Our very success made the continuing blight of exclusion and poverty even more intolerable than in previous generations, the President, Mrs McAleese, said yesterday.
There was no longer a question of whether we had the means to tackle such problems once and for all, she said. "It now comes down to whether we, as a people, have the will, the imagination and the determination to address these issues and the new social challenges which have emerged: the tragic deaths of young men through suicide; the despair of drug addiction; growing levels of hostility towards asylum-seekers - the list goes on."
Addressing the Literary and Historical Society in UCD, Mrs McAleese said: "The unconvinced wonder why they should be bothered, why the lives of the poor or under-achieving should be their concern, what is to be gained from trying to change things."
She said we were still nowhere near our full potential as a people. Our business life, our workforce, our culture, our community sector - every facet of Irish life - could benefit from creating a society that was all centre and no margins, a society where each child was given as his or her birthright effective opportunities to blossom fully.
That society would not be created by chance, by leaving it to others to do, or worse, by dismissing those who worked in the service of others as misguided idealists, out of touch with reality.

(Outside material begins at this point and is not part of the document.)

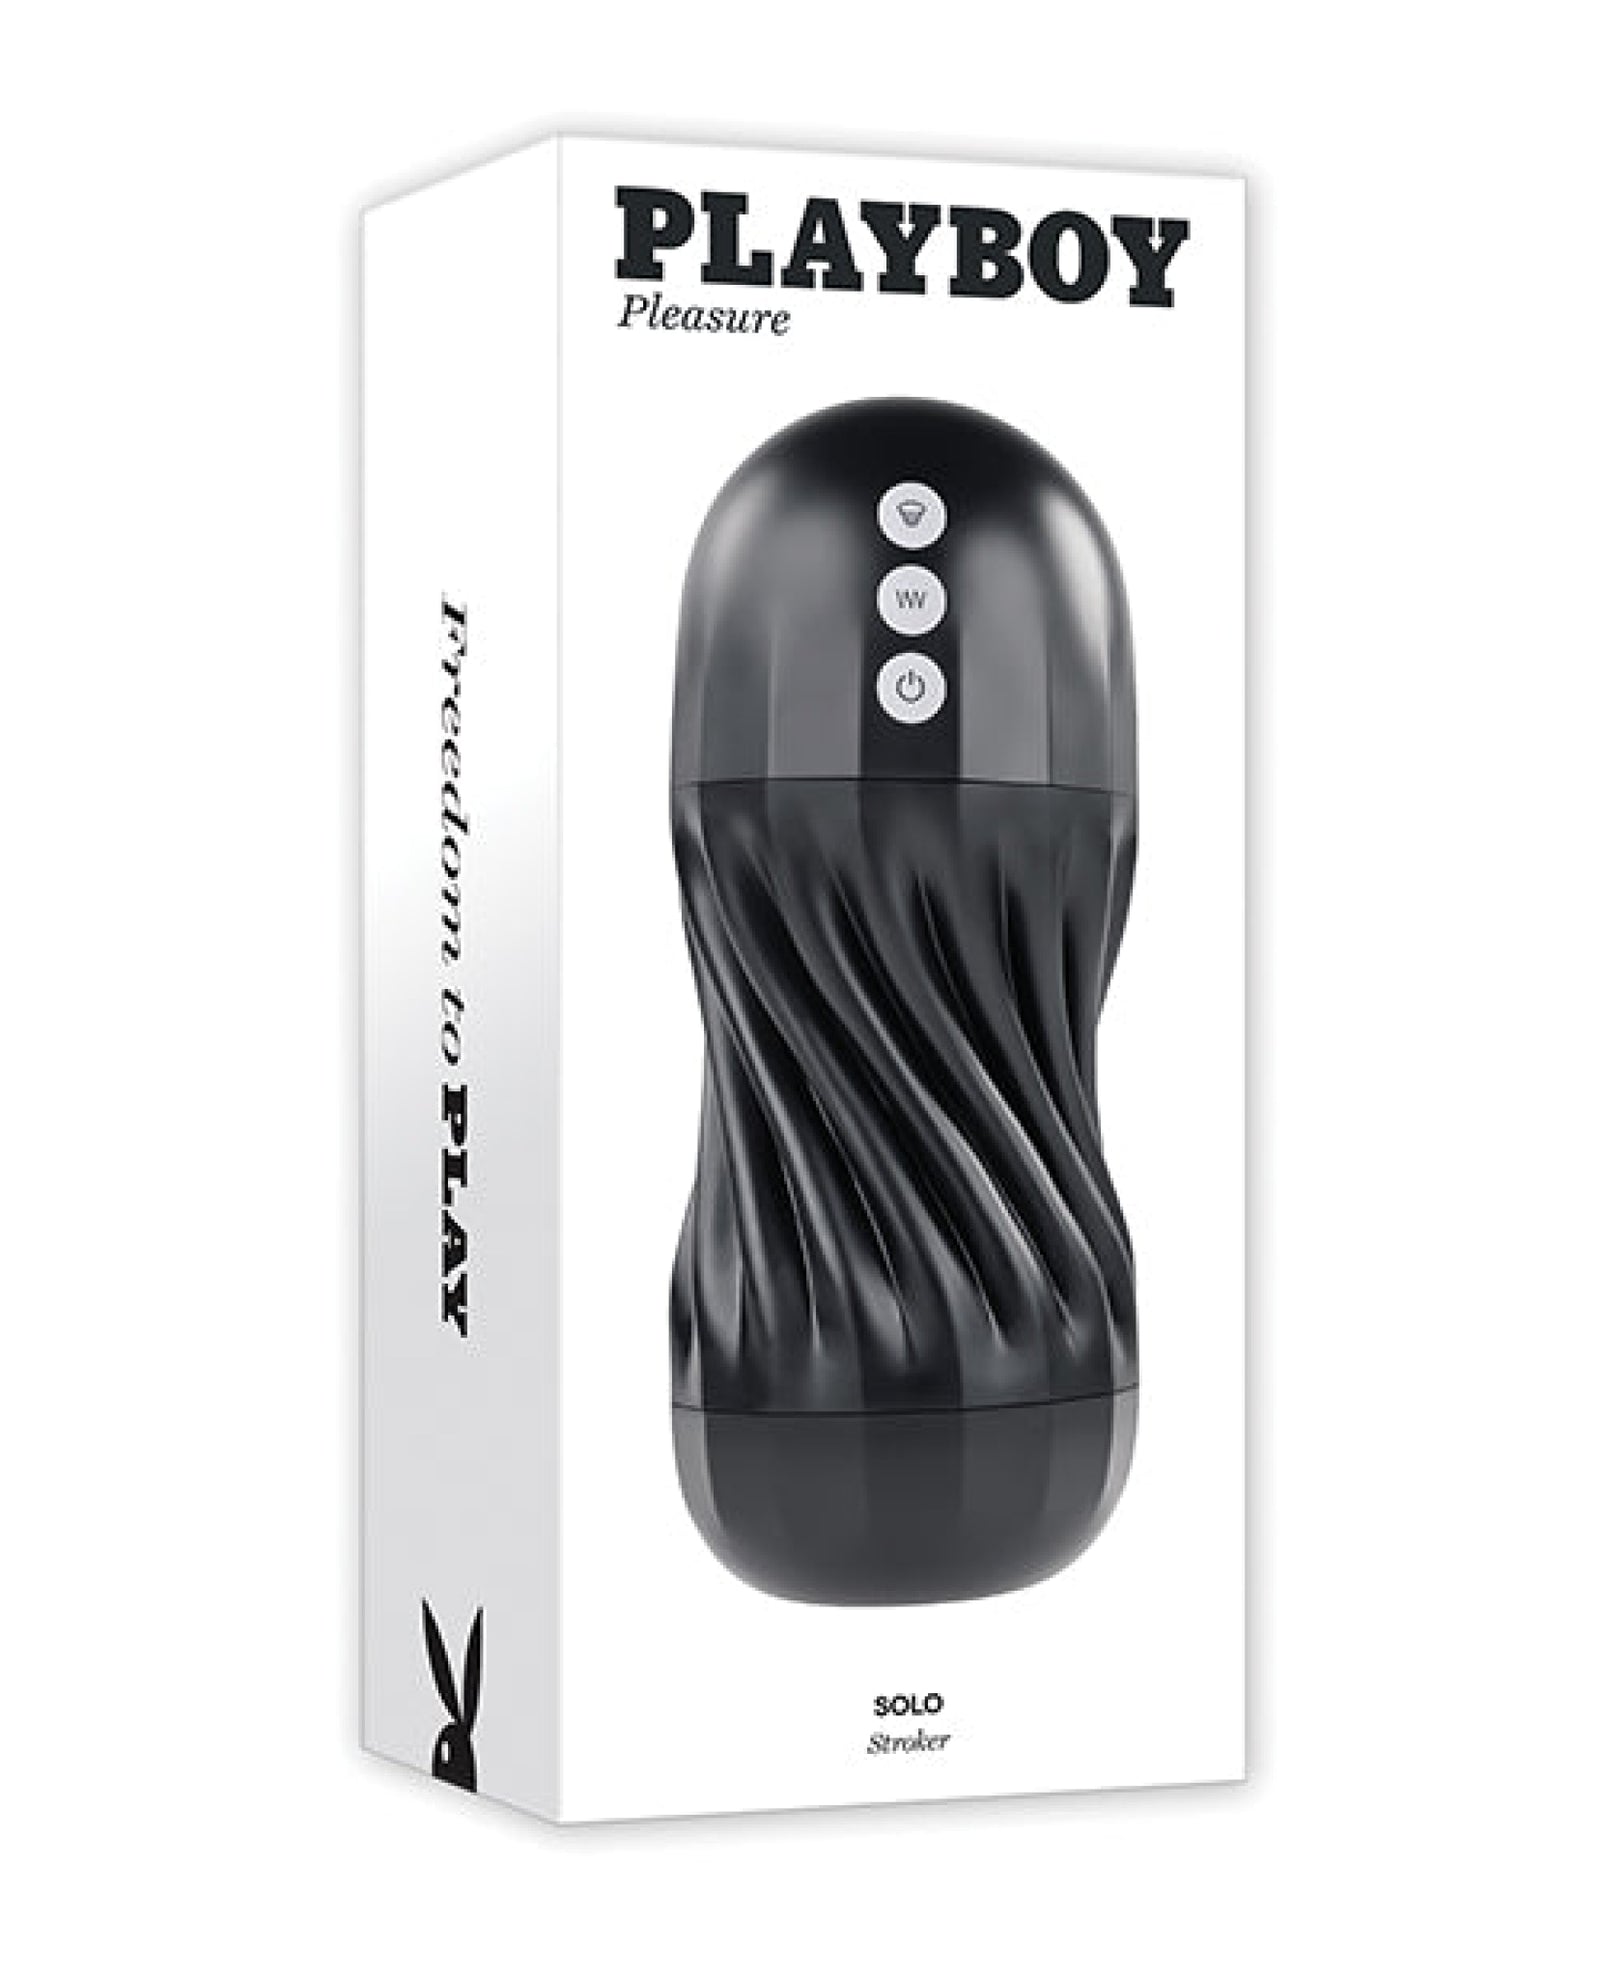 Playboy Pleasure Solo Stroker - 2 Am Playboy

"Those who recognise that the natural symbiosis of life in this society has not yet been achieved, that it is still scarred by elitism and considerably short of its full potential are the true realists. They recognise that the faults and failings of Ireland in the 21st century are not inevitable, that they are amenable to change, that there can be no greater challenge or fulfilment than knowing that their commitment, their actions and their sense of hope have made a difference to the lives of others."